- What to do
Set the listing down unchanged, minus every embedded image.

- Material provided
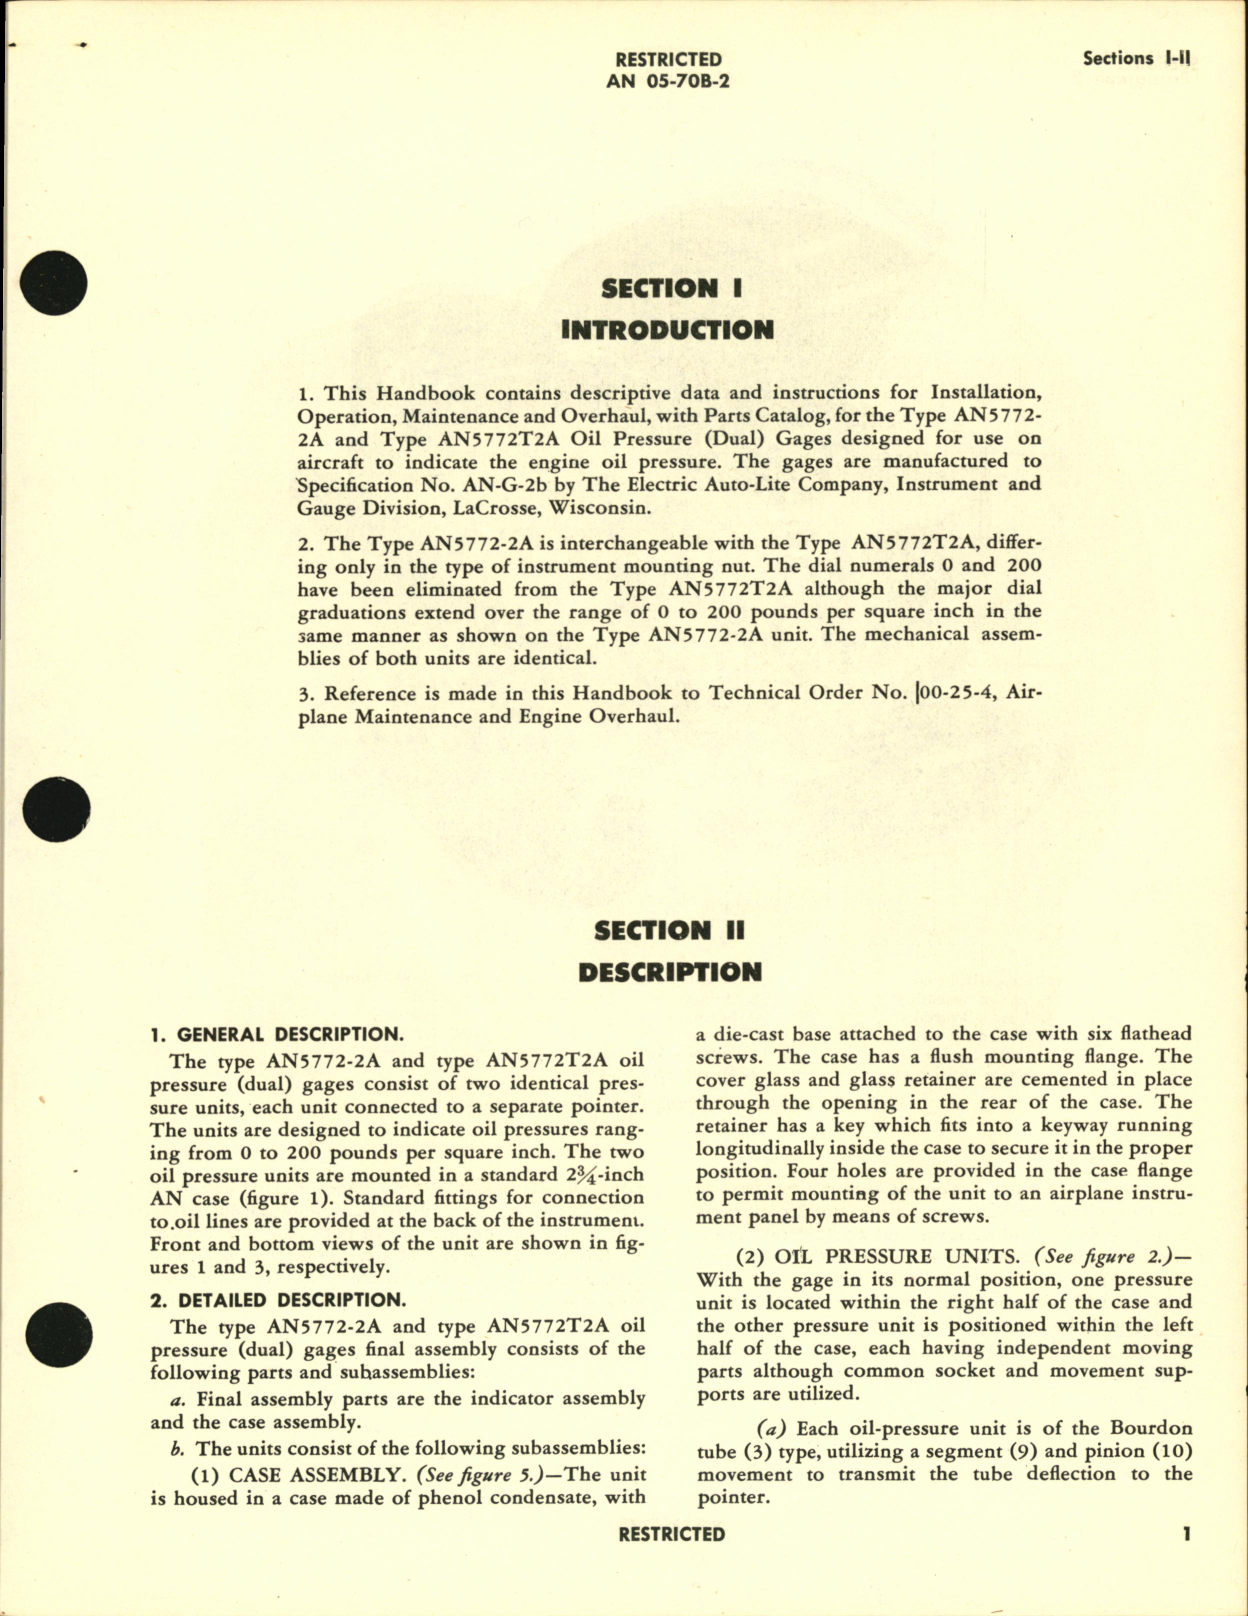 Sample page 5 from AirCorps Library document: Operation, Service, & Overhaul Instructions with Parts Catalog for Dual Oil Pressure Gages
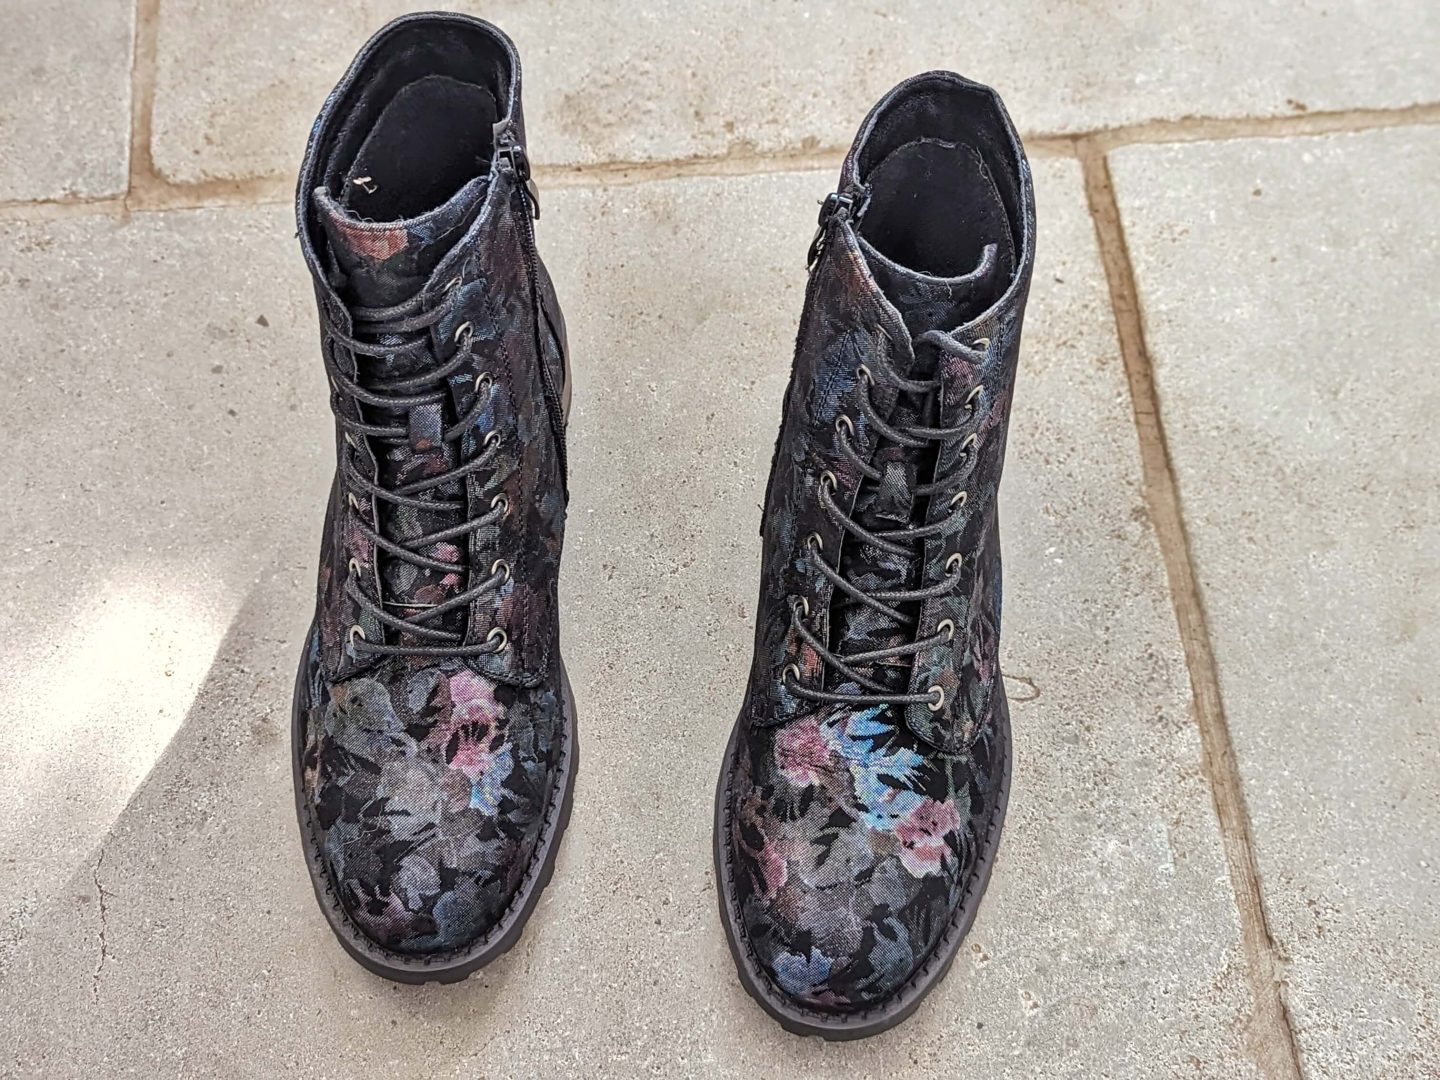 Cotton Traders floral lace-up boots on a grey tiled floor
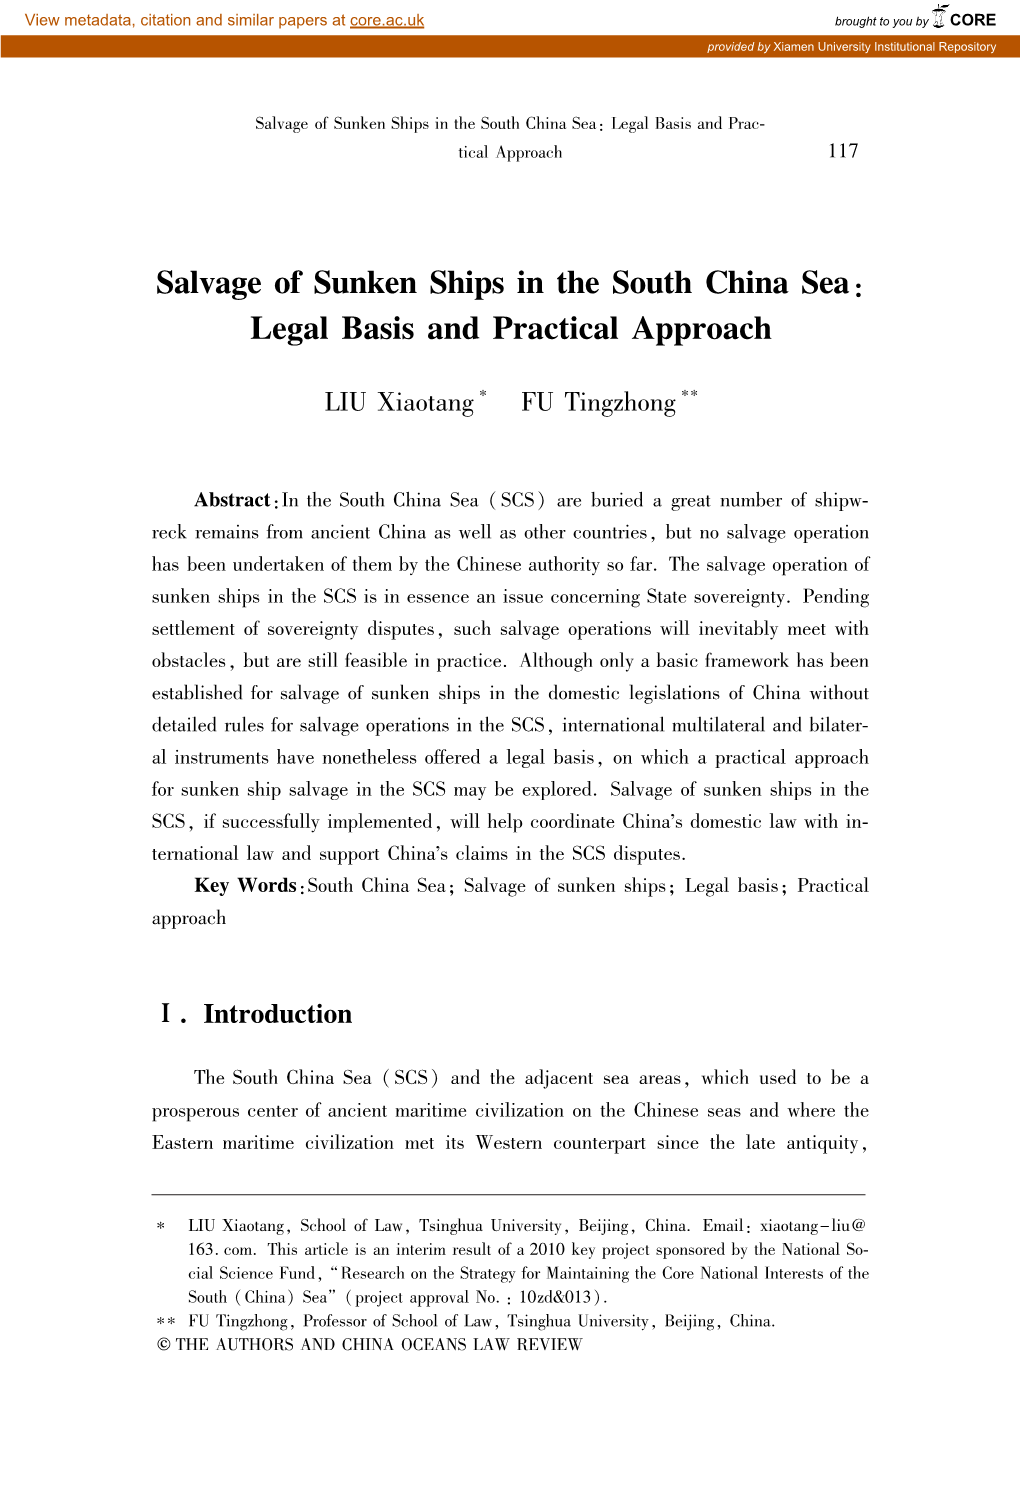 Salvage of Sunken Ships in the South China Sea: Legal Basis and Practical Approach

- Result
 Sample page 5 from AirCorps Library document: Operation, Service, & Overhaul Instructions with Parts Catalog for Dual Oil Pressure Gages
 Cotton Traders floral lace-up boots on a grey tiled floor
 Salvage of Sunken Ships in the South China Sea: Legal Basis and Practical Approach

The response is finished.